Hey, remember when Chicago had a president from here? Barack Obama had the first meeting of the Obama Leadership Foundation last weekend, at the McCormack Place Marriott, and Deanna Isaacs at the Reader brings back the golden days of Obama admiration: “The very cool, really dope, first-ever Obama Foundation Summit, held at the glassy new McCormick Place Marriott earlier this week, made one thing clear: the foundation has picked a worthy mission for itself. It’ll nurture the next generation of world leaders.” Politico had a somewhat more jaundiced take on it here.


The Feed talks to Leela Punyaratabandhu, Chicago and Bangkok-based blogger at She Simmers, who is actually in Thailand right now, it being November.

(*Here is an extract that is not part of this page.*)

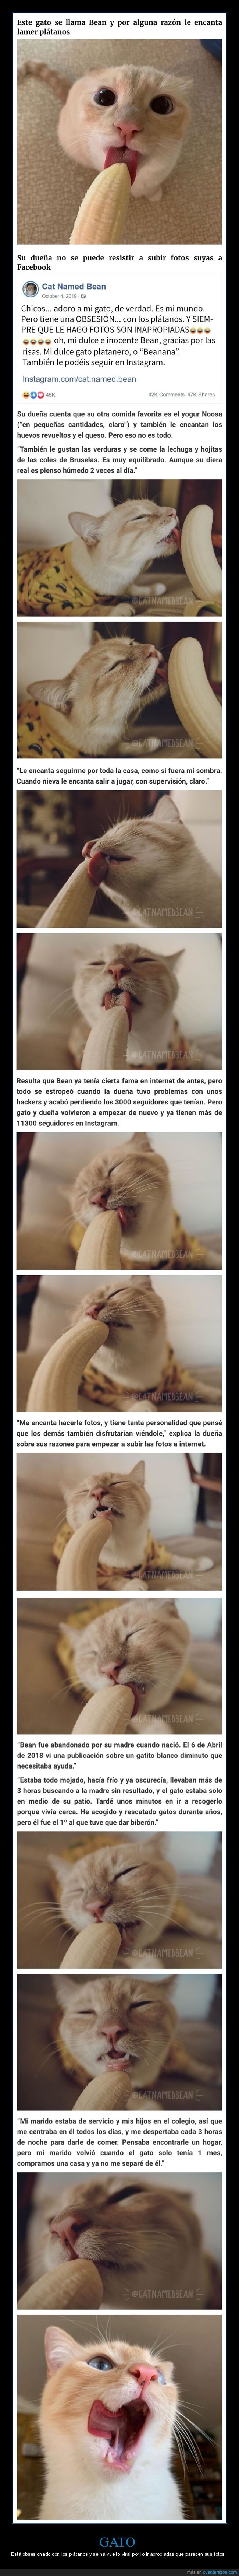 gato,plátanos,inapropiado

Anyway, they talk about her new book Bangkok, and about where to go pretty authentic Thai food in Chicago and other places.


Janet Rausa Fuller talks to the man making the doughnuts at the beloved South Side doughnut shop Old-Fashioned Doughnuts: Mr. B, Buritt Bulloch. (Chicago)


I hate listicles, except when they’re like David Hammond’s at New City, about ten restaurants you probably haven’t been to, and why they matter. For the record, I’ve been to nine, still haven’t been to Garifuna Flava. See what your score is.


Went to Cellar Door Provisions for their weekend tasting menu, which is admirably modest—$45 per got us six courses, all vegetarian (there’s a meat course, a cotechino plate, available as an add-on), all fresh and lovely, really. Though it’s not surprising that the high point was right at the beginning—the platter with a couple of slices of their crusty bread and various things to schmear on it. Still, all of it was fresh and good, it wasn’t too expensive and it didn’t take forever—I recommend it for a nice night out.